Collector --writes--> Datastore <--reads-- Alerter --writes--> Alerts

The collector writes metrics to the datastore. The alerter reads metrics and evaluates the metrics against rules. When thresholds are violated, the alerter writes alerts to the alerts table.

Anomaly Detection Flow

Tier 1 --> Candidate --> Tier 2 --> Tier 3 --> Alert or Suppress
(z-score)   (store)    (embedding)  (LLM)

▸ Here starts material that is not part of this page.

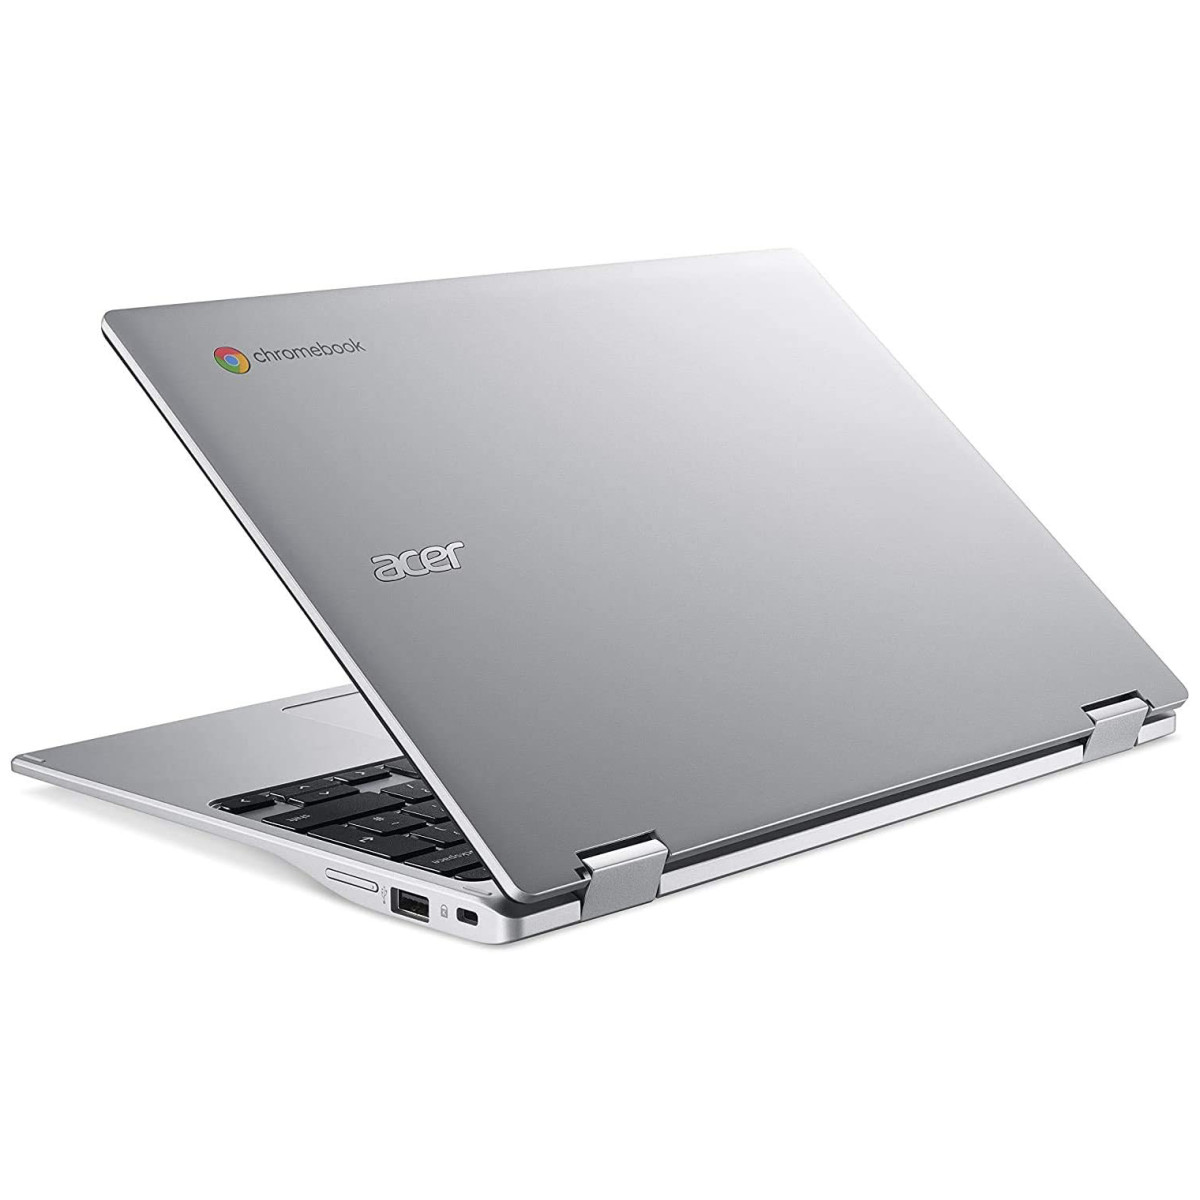 Tampa do Chromebook Acer na cor prata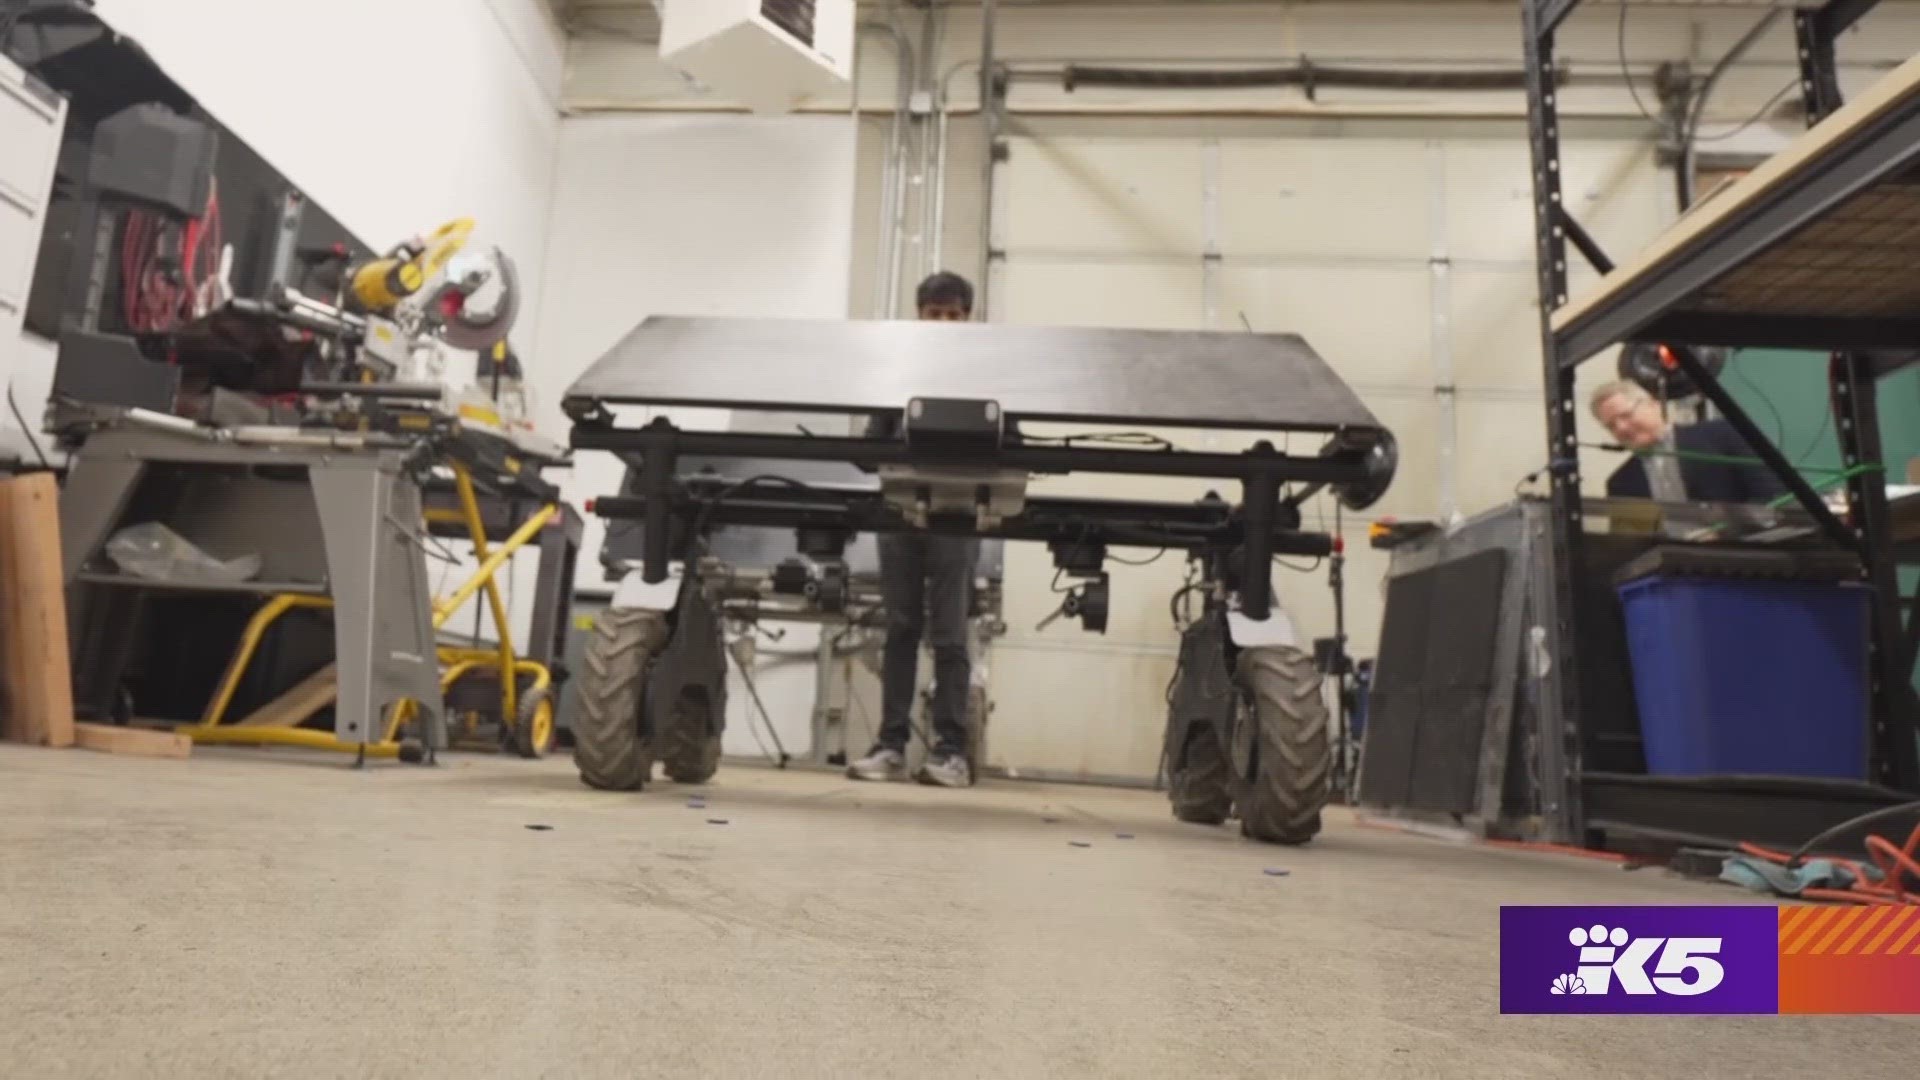 Aigen is using solar-powered autonomous robots to change the future of farming. #k5evening

Tier 1 creates anomaly candidates for values exceeding the z-score threshold. These candidates are stored and processed by Tier 2, which generates embeddings and searches for similar past anomalies. Tier 3 uses LLM classification to make the final decision.

Database Schema

The alerter uses several tables in the datastore.

Alert Tables

• alerts stores all triggered alerts with their current status.
• alert_rules defines threshold-based alert rules.
• alert_thresholds stores per-connection threshold overrides.
• alert_acknowledgments records user acknowledgments.

Anomaly Tables

• anomaly_candidates stores candidates progressing through tiers.
• anomaly_embeddings stores vector embeddings for similarity search.
• metric_baselines stores calculated baseline statistics.

Blackout Tables

• blackouts stores active and historical manual blackouts.
• blackout_schedules stores recurring blackout schedules.

Notification Tables

• notification_channels defines notification destinations.
• notification_channel_connections links channels to connections.
• notification_history tracks notification delivery status.
• notification_reminder_state tracks reminder progress.

LLM Integration

The alerter integrates with LLM providers for Tier 2 and Tier 3 processing.

Embedding Providers

Embedding providers generate vector representations of anomaly context. The alerter supports the following providers:

• Ollama with models like nomic-embed-text.
• OpenAI with text-embedding-3-small.
• Voyage with voyage-3-lite.

Reasoning Providers

Reasoning providers classify anomalies as real issues or false positives. The alerter supports the following providers:

• Ollama with models like qwen2.5:7b-instruct.
• OpenAI with gpt-4o-mini.
• Anthropic with claude-3-5-haiku.

Configuration Reloading

The alerter supports configuration reloading without restart. Sending a SIGHUP signal triggers the engine to reload the configuration file and apply reloadable settings to all workers.

Graceful Shutdown

The alerter handles SIGINT and SIGTERM signals for graceful shutdown. When the alerter receives a shutdown signal, the engine cancels the shared context and waits for all workers to complete their current operations before exiting.

Integration Points

The alerter integrates with other AI DBA Workbench components:

• The collector provides the metric data that the alerter evaluates.
• The server exposes APIs for managing alert rules and viewing alerts.
• The client displays alerts and provides acknowledgment interfaces.
• LLM providers power the Tier 3 anomaly classification.